Отмеченные три периода вовсе не обязывают нас рассматривать императрицу в трех ипостасях. Между ними нет четких граней, и они отмечены с единственной целью частично избежать упреков в адрес Екатерины в противоречиях, непоследовательности и прочих грехах, отмечавшихся советской историографией.

После этих предварительных замечаний обратимся к своего рода автобиографиям, принадлежавшим перу самой императрицы. Одна из них, хотя и не содержит прямых указаний, что является автопортретом, бесспорно имеет к ней отношение — речь идет о сочинении, опубликованном под выразительным названием «Нравственные идеалы Екатерины», в котором императрица изложила свои представления об идеальном облике монарха. Приведем его полностью.

«Изучайте людей, старайтесь пользоваться ими, не вверяясь им без разбора, отыскивать истинное достоинство, хотя бы оно было на краю света; по большей части оно скромно и прячется где-нибудь в отдалении. Доблесть не лезет из толпы, не жадничает, не суетится и позволяет забывать о себе.

Никогда не позволяйте льстецам осаждать вас: давайте почувствовать, что вы не любите ни похвал, ни низостей.
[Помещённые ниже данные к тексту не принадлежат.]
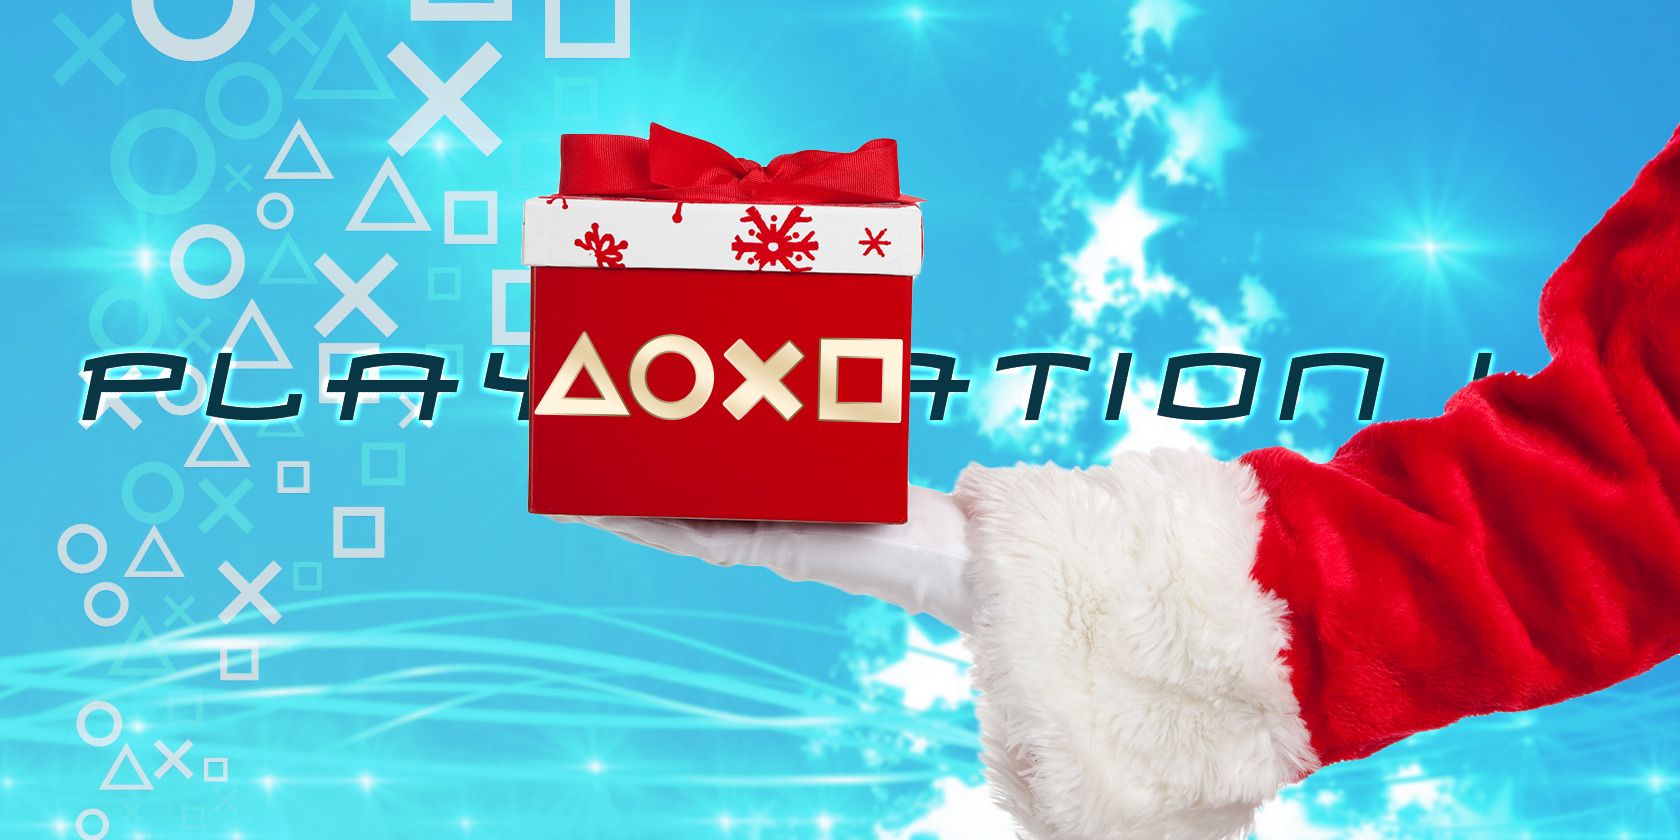 ps4-gifts

Оказывайте доверие лишь тем, кто имеет мужество при случае поперечить и кто предпочитает ваше доброе имя вашей милости.

Будьте мягки, человеколюбивы, доступны, сострадательны, шедры; ваше величие да не препятствует вам добродушно снисходить к малым людям и ставить себя в их положение так, чтобы эта доброта никогда не умаляла ни вашей власти, ни их почтения. Выслушивайте все, что хоть сколько-нибудь заслуживает внимания. Пусть все видят, что вы мыслите и чувствуете так, как вы должны мыслить и чувствовать. Поступайте так, чтобы люди добрые вас любили, злые боялись и все уважали.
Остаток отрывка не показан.